Alors Lera était devant notre caméra vidéo.

Les adolescents des orphelinats sont souvent appelés la génération manquante: mauvaise génétique, parents alcooliques, etc. Des centaines d'articles. Bouquets de stéréotypes formés. Même de nombreux enseignants d'orphelinats nous demandent sincèrement pourquoi nous filmons des adolescents en vidéo. Après tout, avec eux « si difficile »…

Ce n'est vraiment pas facile avec eux. Le caractère établi, la profondeur des souvenirs douloureux, leur «je veux - je ne veux pas», «je vais - je ne veux pas» et déjà très adulte, sans nœuds roses et lapins en chocolat, une vision de la vie. Oui, nous connaissons des exemples de familles d'accueil réussies avec des adolescents. Mais comment attirer davantage l'attention sur des milliers d'enfants adultes issus d'orphelinats? Nous, à la fondation, pour être honnête, ne connaissons pas encore la fin.
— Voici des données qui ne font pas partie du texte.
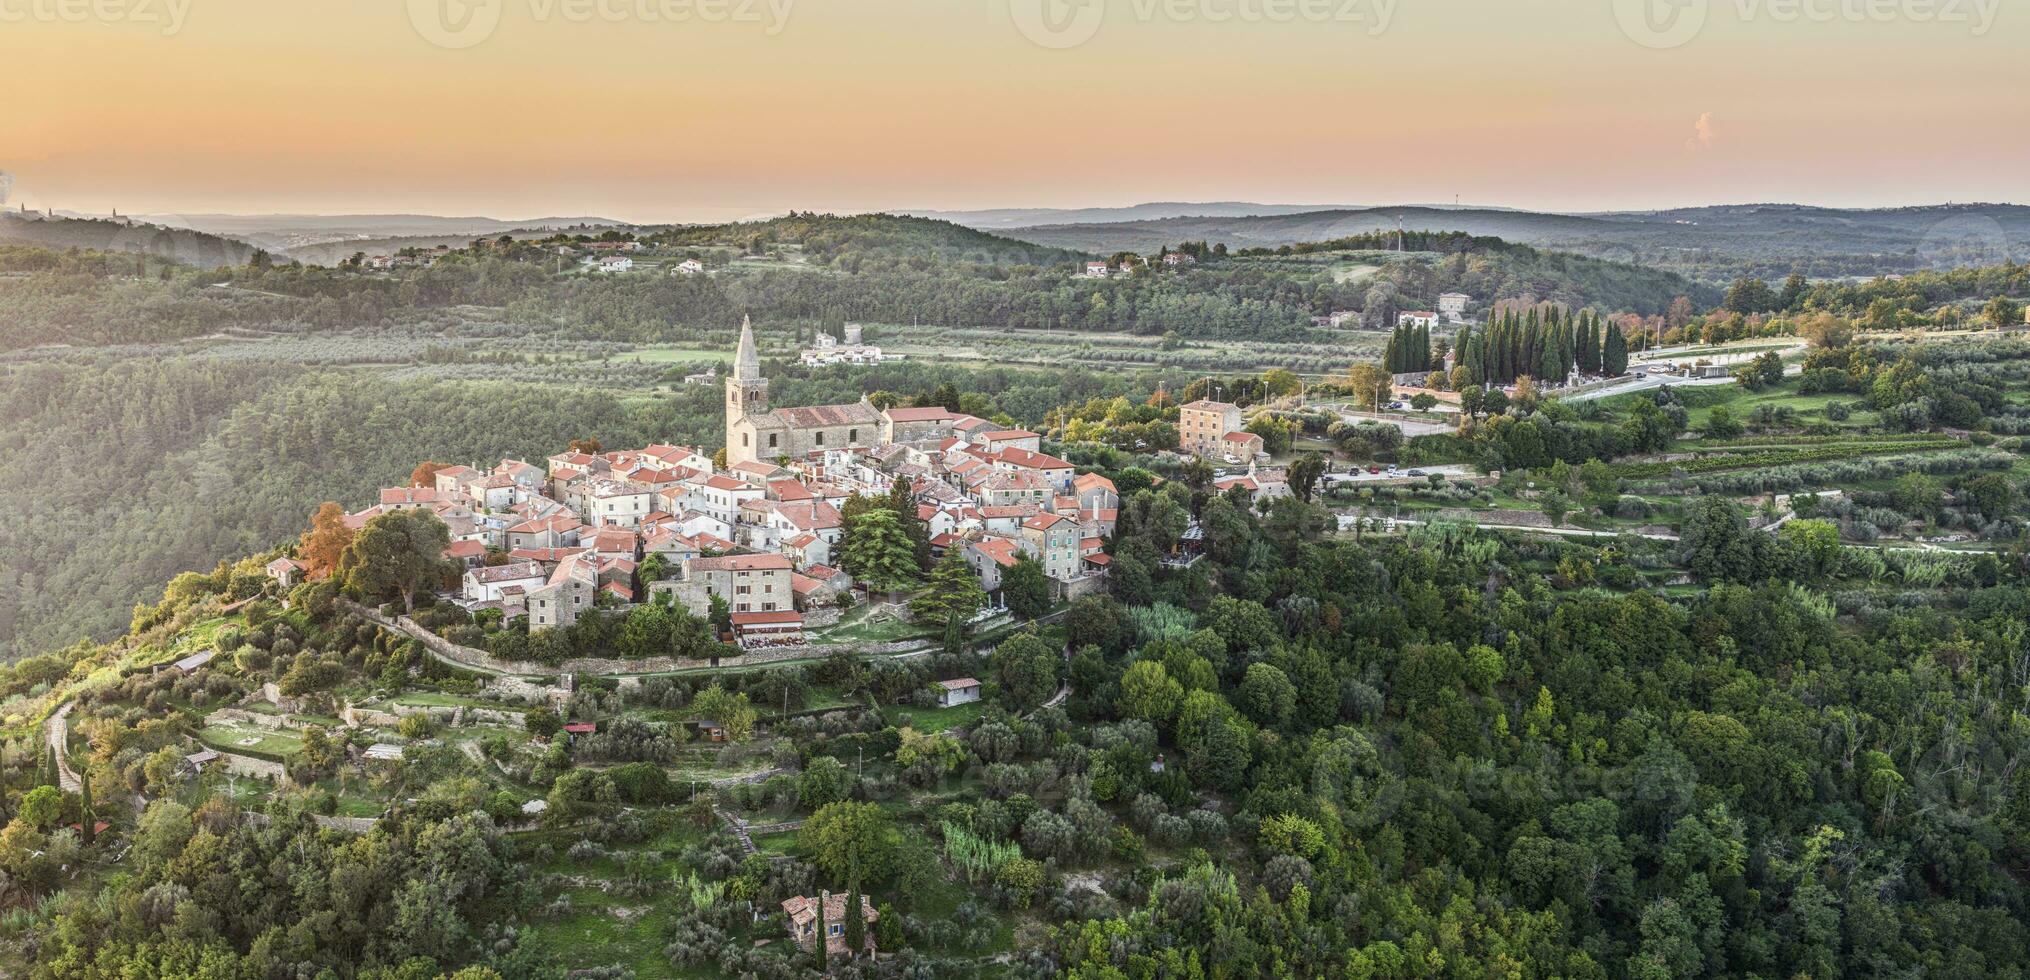 dar panorama over- de historisch kunstenaars stad- van groznjan in centraal istrië Bij zonsondergang foto

Mais nous savons avec certitude qu'une des façons de travailler est de dire que ces enfants SONT LÀ, et au moins de dessiner leurs portraits vidéo avec des traits fins et aériens, et de leur donner l'occasion de parler d'eux et de partager leurs rêves et aspirations.

Et pourtant, après avoir filmé plusieurs milliers d'adolescents dans des orphelinats à travers la Russie, nous savons une chose de plus avec certitude: TOUS ces enfants désespérément, au point de souffrir des poings fermés, aux larmes qu'ils avalent, vont dans leurs chambres, veulent vivre dans leurs propres familles.

Et Lera, 14 ans, qui nous regarde avec un défi, puis avec espoir, veut vraiment être une famille. Et nous voulons vraiment l'aider à le trouver. Et donc nous le montrons au videoanket.